Когда окончил академию, его направили работать заведующим лаборатории на опытную станцию.
Никанор к тому времени был женат. И Егору уже исполнилось два года, а жена вот-вот должна была родить второго ребенка.
Она ничего не знала о связях мужа с чекистами. Он никогда не был откровенен с нею.
— Дурочка, Ирка, зачем ты за него замуж вышла? Ни ума, ни внешности, неужели лучше не нашла? — сокрушалась теща — врач. А через неделю увез ее в номерную магаданскую зону холодный товарняк.
Никто из родни даже не заподозрил в случившемся Никанора. Не увязал беду с подслушанным разговором. А Никанор, посетовав вместе со всеми, через месяц отправил «на дальняк» и тестя, оставшись в громадной квартире с женой и детьми.
— Как я боюсь жить, боюсь за тебя! Вокруг столько людей забрали! И от наших нет ничего. Ни письма, ни весточки. Живы ли они? Каждого стука в дверь боюсь, — призналась жена.
Никанор, отвернувшись, усмехнулся. Ничего не ответил Ирине. Не успокоил. Был уверен, что его эта чаша минует. Но… Нашелся стукач и на него.
Видно он давно подозревал Никанора в нечистом. Ведь три раза сменился полностью штат опытной станции. И только Никанор оставался, как заговоренный.
За опытной станцией было закреплено три крупных колхоза. Они получали здесь лучшие сорта селекционной пшеницы, рекомендации по выращиванию и сохранности твердых сортов зерна. Полученное для разведения возвращали с урожая. И все продолжалось снова.
Но однажды поспорил Никанор с главным агрономом одного из колхозов. Упрекнул, что тот нарушил рекомендации станции и погубил новый сорт пшеницы, посеяв его на сырых площадях раньше положенного срока. От того проросшее зерно, прихваченное заморозком, сгнило и не взошло.
Агроном знал, что случилось бы с ним, опереди его Никанор. И сообщил в органы такое, что Блохина хотели сразу поставить к стенке. Выручило многолетнее сотрудничество. Оно заменило пулю ссылкой.
В сопроводительных документах кто-то объективно сообщил о целесообразности использования Никанора в качестве информатора. Мол, имеет необходимые навыки, стаж, знания, интуицию.
Местные чекисты, увидев сопроводиловку, враз смекнули. И в следующий визит в Усолье предложили Никанору сотрудничество. Чтобы он, выбрав удобное для него время, зашел бы к ним познакомиться поближе.
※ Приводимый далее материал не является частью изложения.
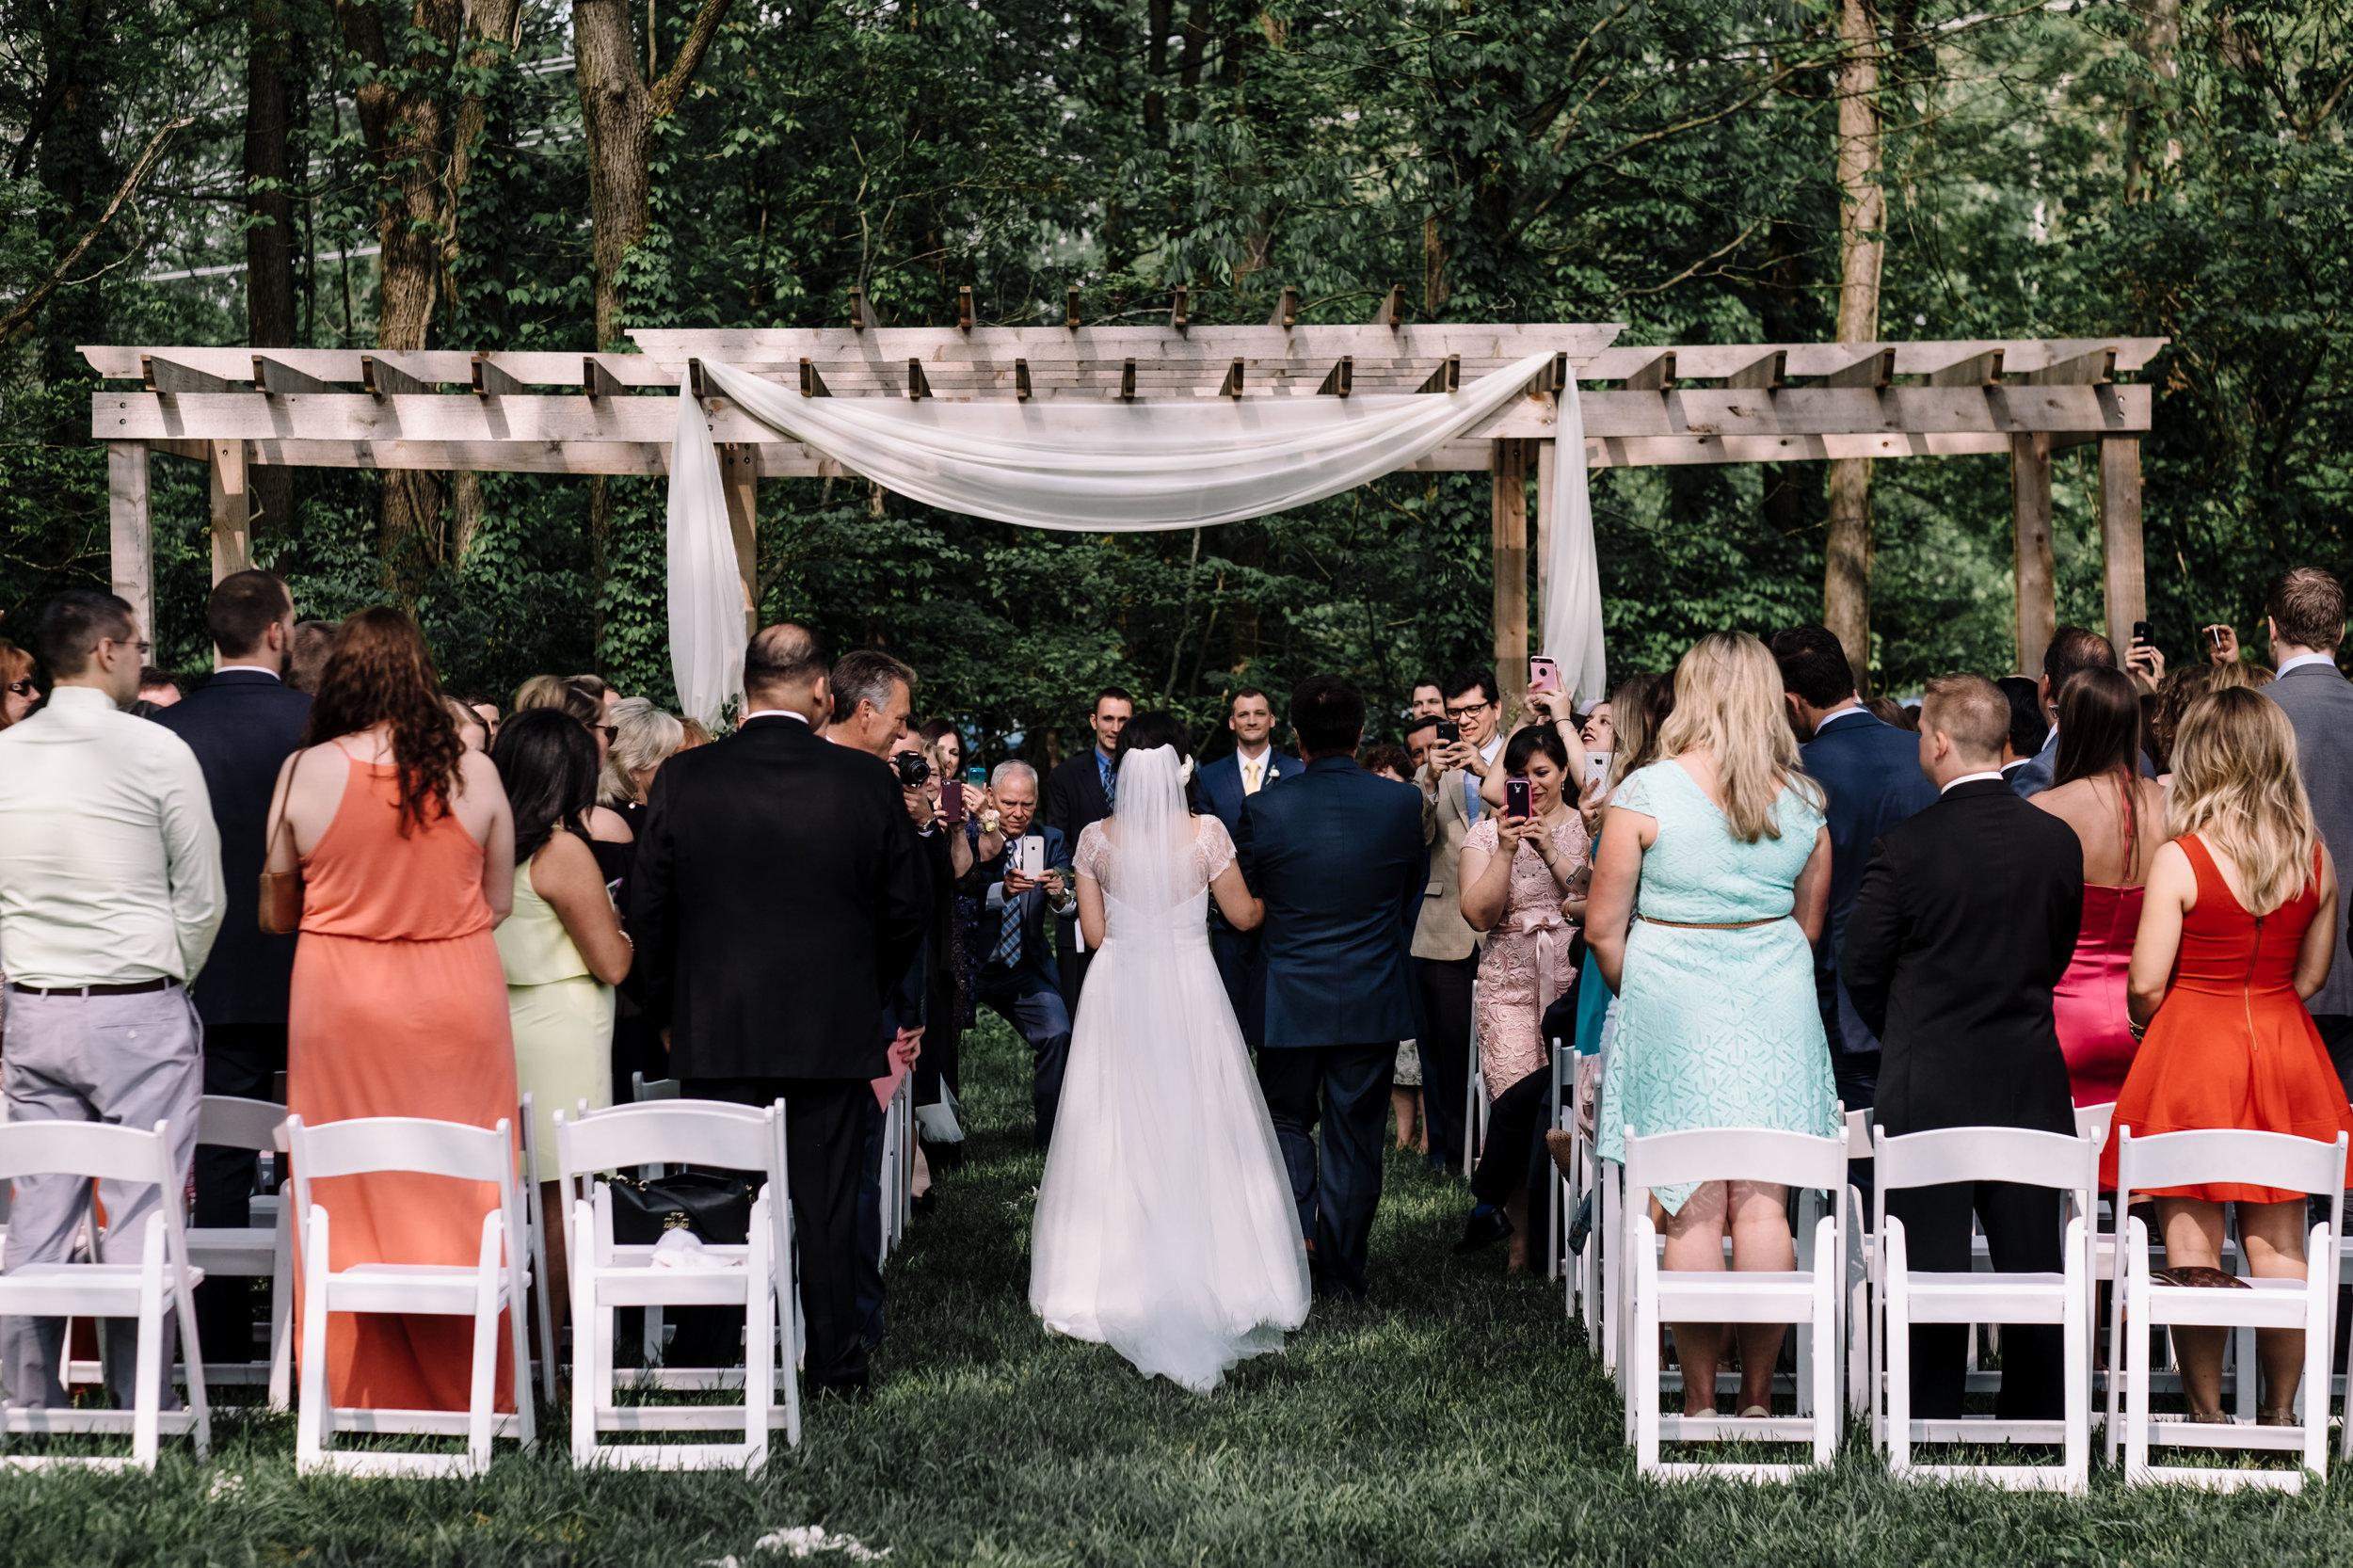 Ana-Dan-Blog-Indianapolis-Wedding-39.jpg

Он и заявился к ним через неделю, сказав усольцам, что поедет в магазин и заглянет на почту. Ссыльные даже внимания тогда не обратили. Не до Никанора. Своих дел хватало у каждого. Землянки рыли.
А Блохин обговорил с чекистами все подробности предстоящего сотрудничества. Даже как вести себя, о чем говорить, на случай появления чекистов в Усолье — обсудили. Никанор остался доволен знакомством. Да оно и понятно. Ведь вот и здесь можно выжить, если с умом.
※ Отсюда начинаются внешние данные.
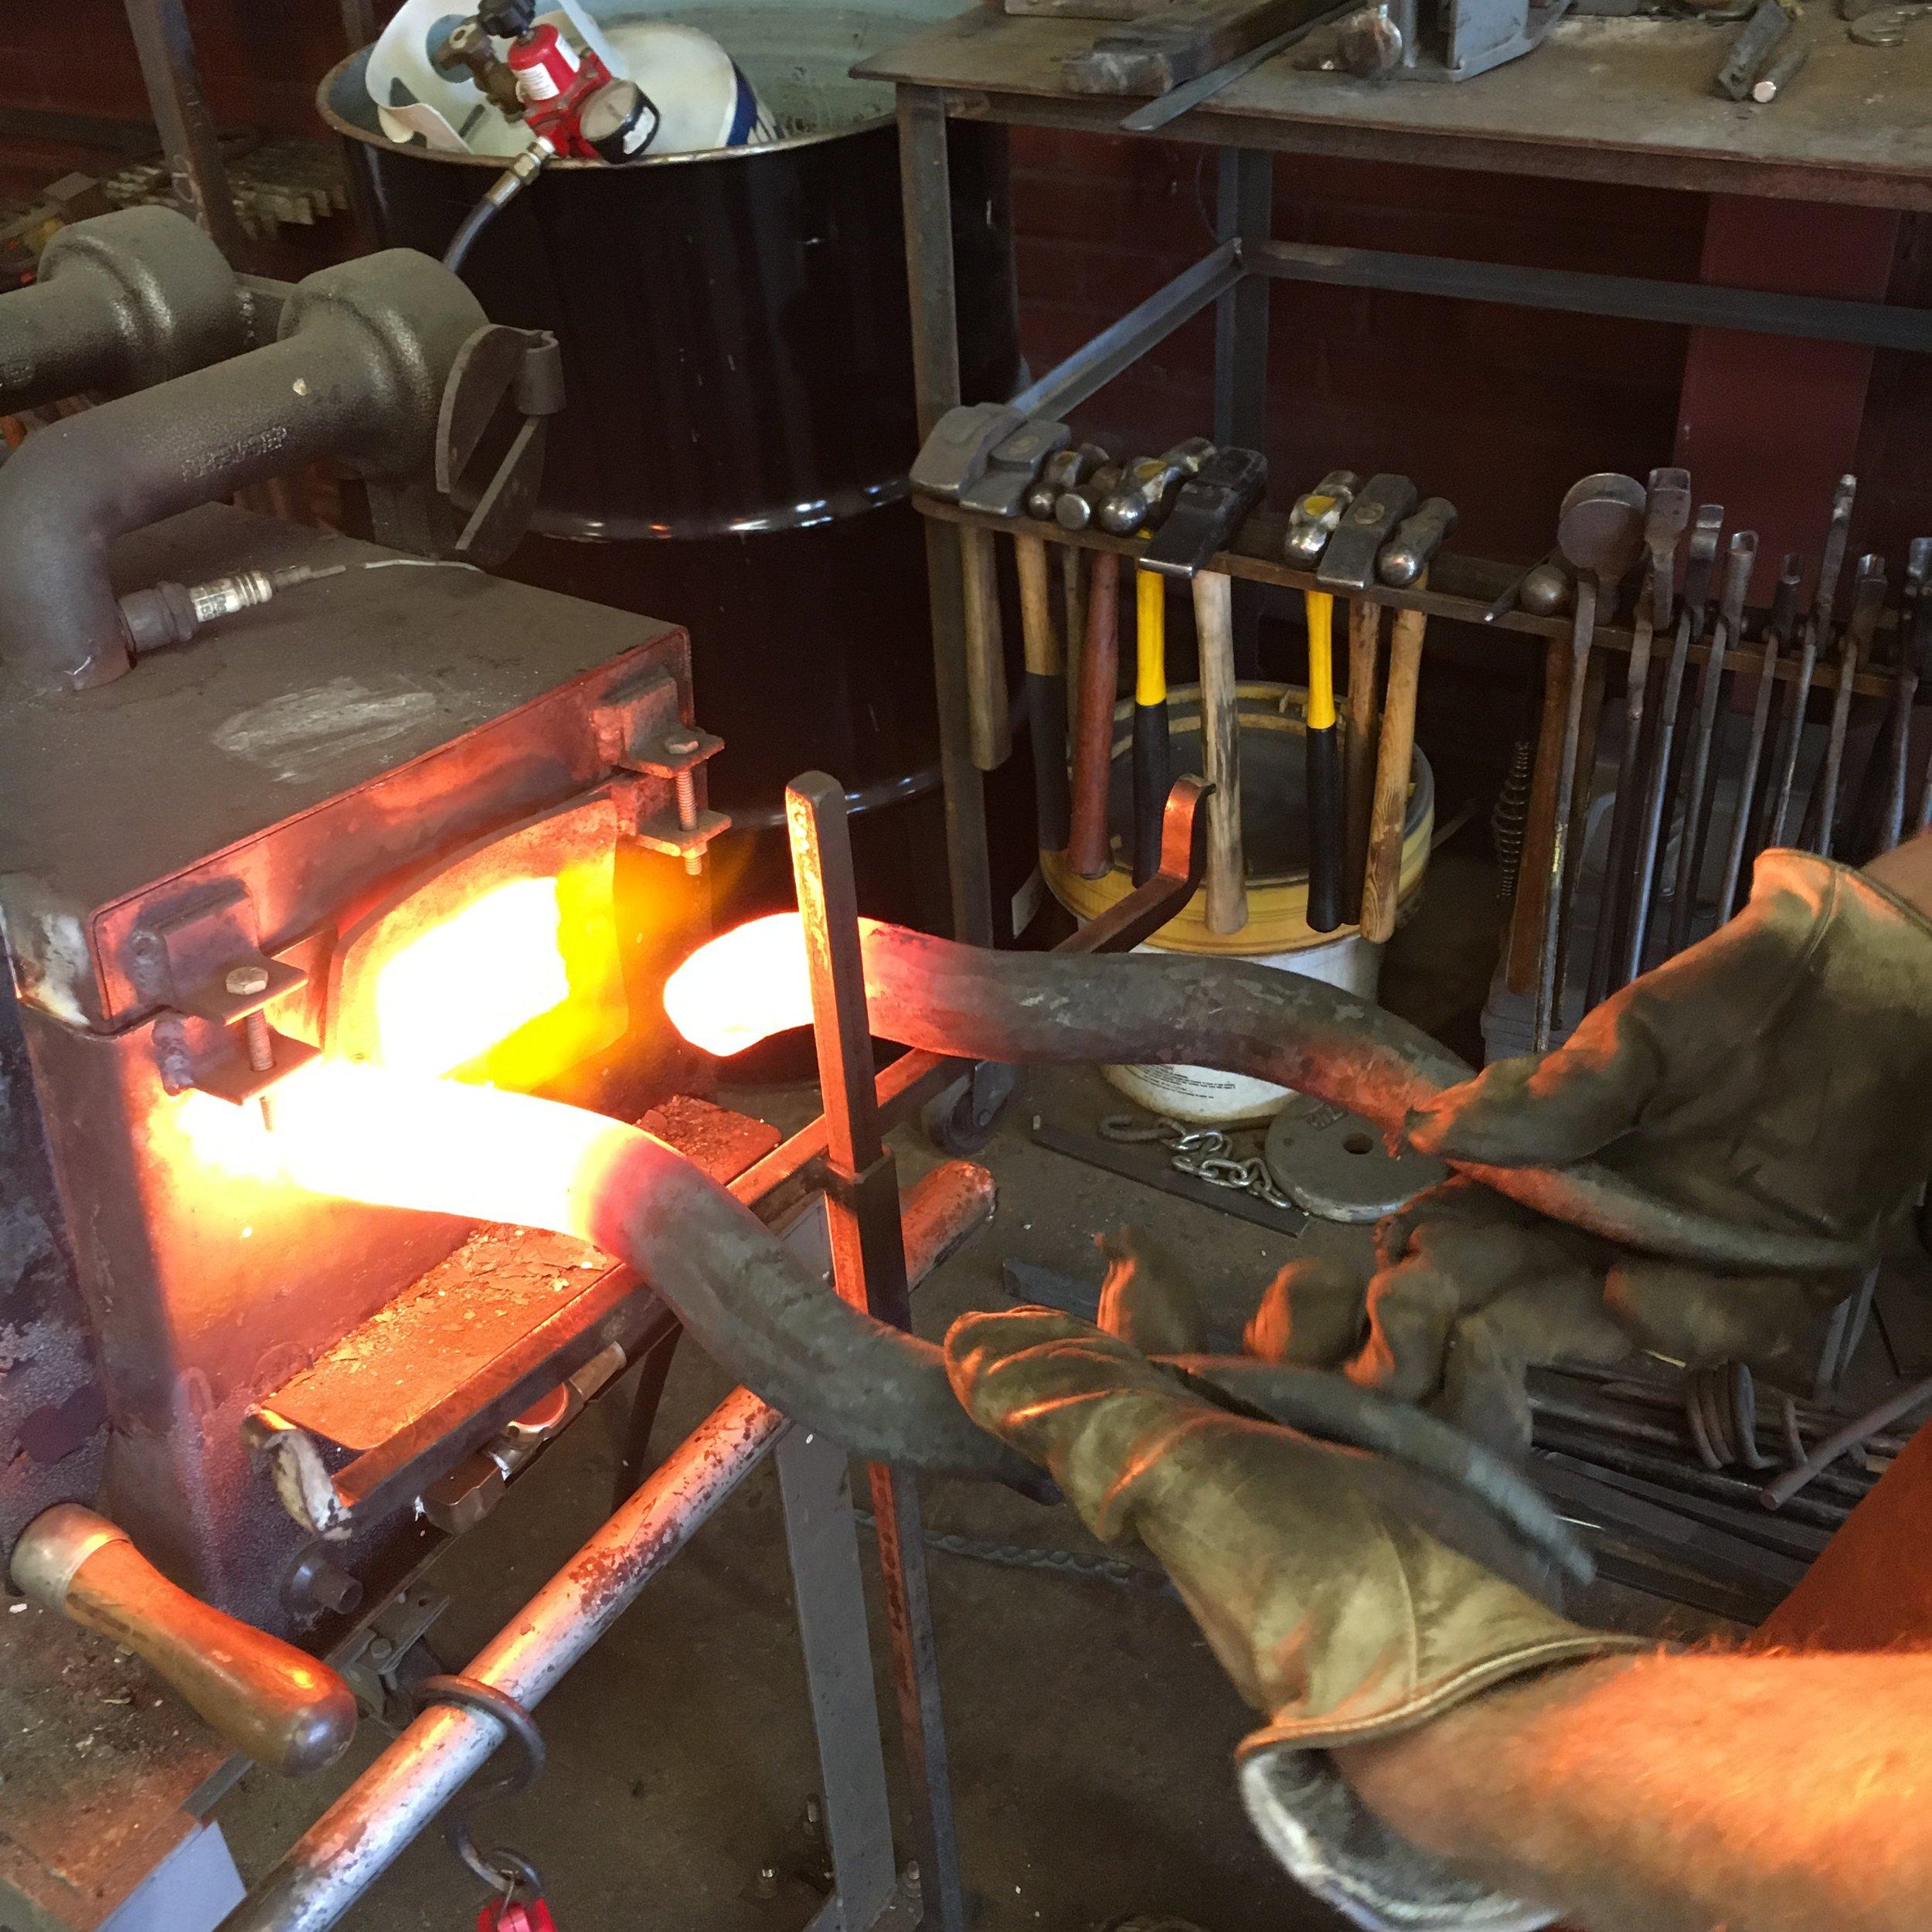 Heating door handles in the gas forge

Жаль только, что агроном того колхоза остался вне досягаемости. Уж ему бы, хватись вовремя, устроил бы веселую жизнь где-нибудь в Воркуте или на Колыме. И было за что. Целый клин — десять гектаров земли засеял селекцией. И не сберег. Поторопился. Посчитал себя умнее целой опытной станции! Доморощенный кулак, а не агроном! А еще обвинил меня, что вместо сортовой дал гнилое, непригодное к посеву зерно. Оттого колхоз убытки понес. И что этот случай не первый. Что я — махровая контра и враг советской власти. Что я замахнулся на самую кровь народа — хлеб. И в сговоре с такими же, как сам, врежу колхозам, создавая невозможность выращивания хлеба на. полях страны и тем самым мешаю советскому народу жить сытно и счастливо. Трудиться на благо родины… Тьфу, черт, будто у меня списал, — ругнулся солоно, по-отцовски Никанор, стряхнув разом все годы жизни вне деревенского дома и время учебы.
Он, конечно, помнил глаза жены в тот день, когда их в продуваемом насквозь телятнике, повезли вместе с детьми в ссылку.
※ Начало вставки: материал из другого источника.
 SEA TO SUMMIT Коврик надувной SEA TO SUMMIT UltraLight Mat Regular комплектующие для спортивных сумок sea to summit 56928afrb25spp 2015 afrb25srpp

Ирина молчала. Лишь в глазах стыли слезы и немой вопрос:
— За что?
Она не упрекала ни в чем. Привыкла к горестям. К тому времени одно за другим получила два официальных сообщения о смерти отца и матери. Никанор не посочувствовал, не пожалел ушедших. Ирина тоже разучилась любить мужа, сочувствовать ему. И жила с ним хоть и под одной крышей, но врозь. Никогда ничем не делилась с ним, не советовалась и не жаловалась, подспудно чувствовала за ним подлость по отношению к ней. Но не знала сделана она Ннканором или ее предстоит пережить?
Блохин был плохим хозяином в доме. Все летело у него из рук. Ничего он не умел. Да оно и не удивительно. Где ему было приобрести уменье и навыки? В доме отца не то что корову — курицу прокормить было нечем.
Здесь же, в Усолье, все с ног на голову. Всему учиться пришлось, все постигать, как с измальства. А Никанор, ох, и не любил тяжелую, черную работу и перепоручал ее детям и жене. Никанор, работая вместе со ссыльными, быстро уставал. А потому к концу дня еле уносил домой ноги. Трудно втягивался в жизнь села. Его не устраивало общение со ссыльными. Он ни с кем из них не сдружился. Он заставлял себя не сорваться нигде и проклинал судьбу, закинувшую его на край света. Он жил, сам не зная для чего. Ожидая, что власть разберется и исправит свою ошибку. Никанор написал десятки жалоб во все адреса и инстанции. В них он клялся в преданности властям, горячей любви к строю, в своей верности. Но никто не обратил внимания на его заверения и не хотел исправлять ошибку, допущенную по отношению к стукачу. Никанор сам ходил на почту за ответами. Они были стандартны. Во всех было написано короткое: «Оснований для отмены решения суда о вашем наказании не находим».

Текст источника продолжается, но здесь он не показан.